This structure-aware view also connects robotic video world models to a broader line of structured and symbolic world modeling. While the methods above preserve structure inside generated visual futures, another family abstracts the world into predicates, object relations, affordances, or causal processes and predicts their transitions for planning [@visualpredicator; @pix2pred; @exopredicator]. These approaches do not aim to improve visual fidelity; instead, they target more compact and compositional predictive variables that may be better aligned with long-horizon reasoning and executable control.

Although these methods differ in representation and objective, they share a common principle: richer structural priors can make generated futures more controllable, more consistent across views and contacts, and ultimately more useful for downstream embodied learning.

From Video Backbones to Foundation World Models
-----------------------------------------------

The most recent works reinterpret robotic video world models as general-purpose interactive predictors built by adapting large-scale video backbones.
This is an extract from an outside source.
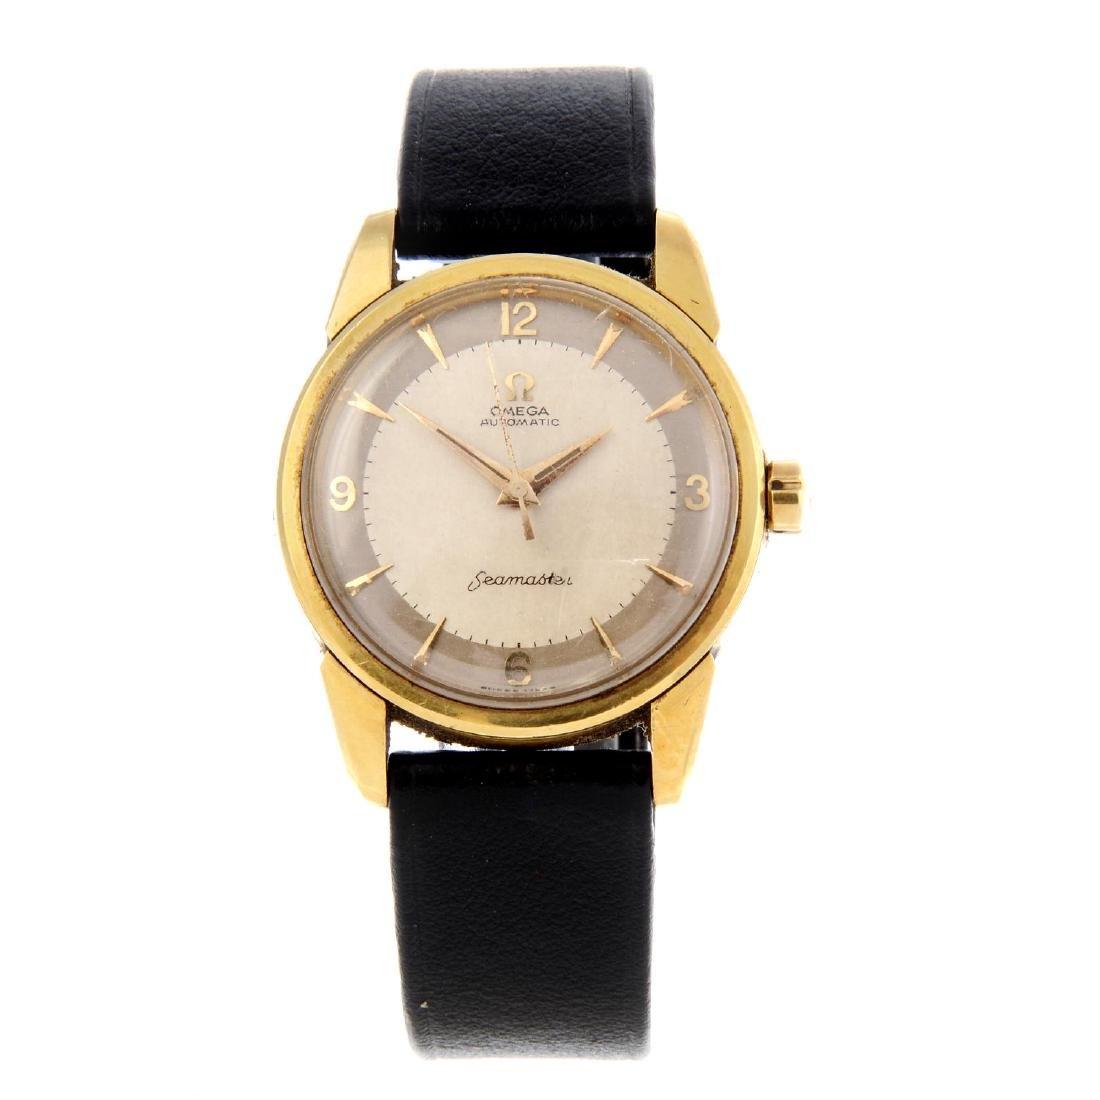 OMEGA - a gentleman's Seamaster wrist watch. 18ct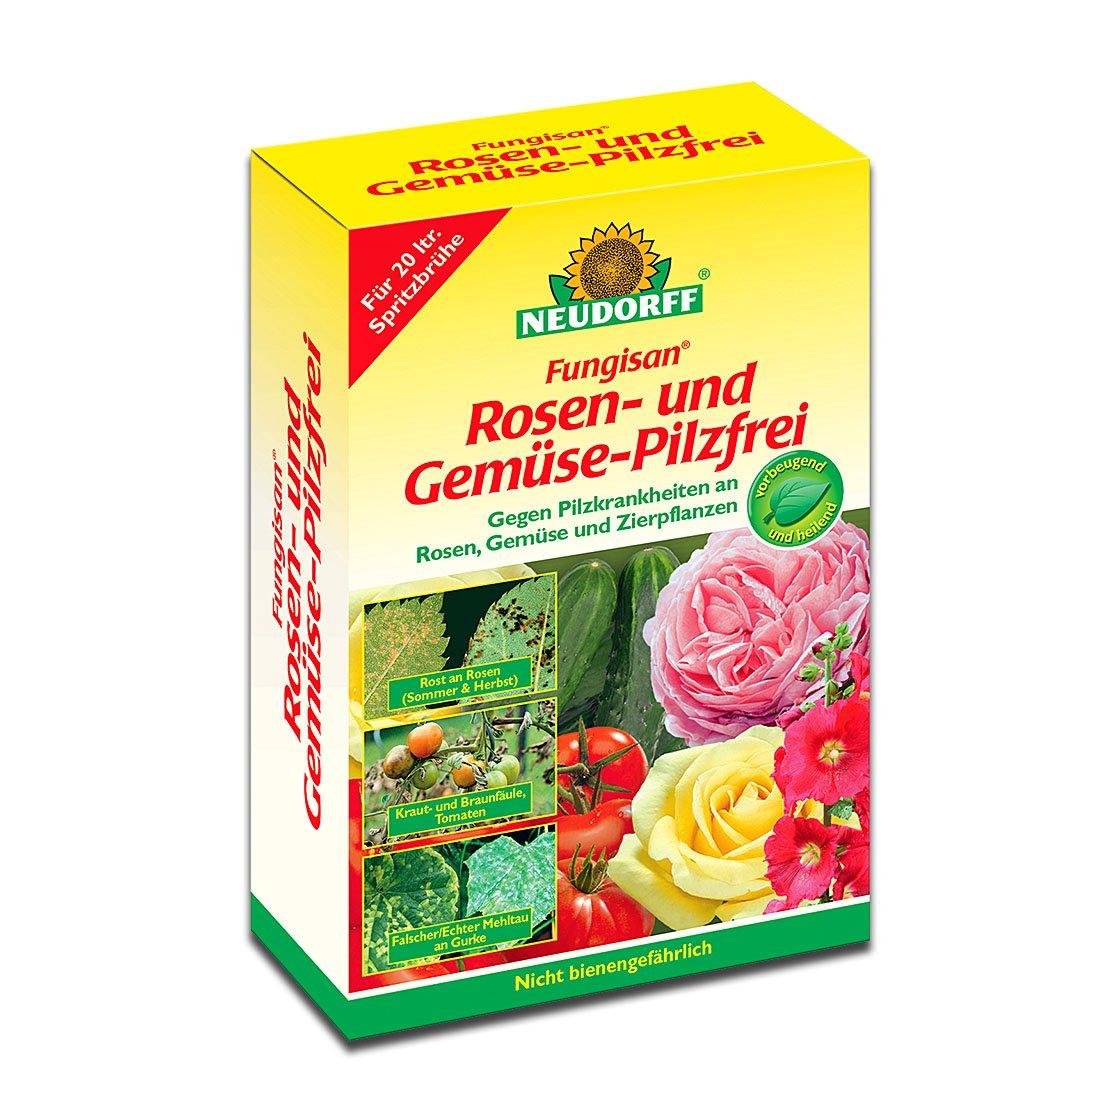 neudorff fungisan rosen und gem se pilzfrei gegen pilzkrankheiten fungizid rostkrankheiten. Black Bedroom Furniture Sets. Home Design Ideas

In this regime, video generation is no longer merely a downstream augmentation tool. It becomes a reusable substrate for simulation, planning, evaluation, and large-scale robot data production.

Vid2World [@huang2026vidworld] is a canonical example of this shift. Rather than training a robotic world model from scratch, it systematically transforms a pretrained video diffusion model into an interactive world model suitable for action-conditioned rollout. Genie Envisioner [@liao2026genie] extends this idea into a unified world foundation platform that integrates video world modeling with action decoding for robotic manipulation. DreamDojo [@gao2026dreamdojo] pushes the foundation-model regime further by pretraining on large-scale human egocentric videos, introducing continuous latent actions to bridge unlabeled human interaction and robot control, and then post-training the model for target embodiments. It shows that such a model can support long-horizon real-time rollout, policy evaluation, and model-based planning.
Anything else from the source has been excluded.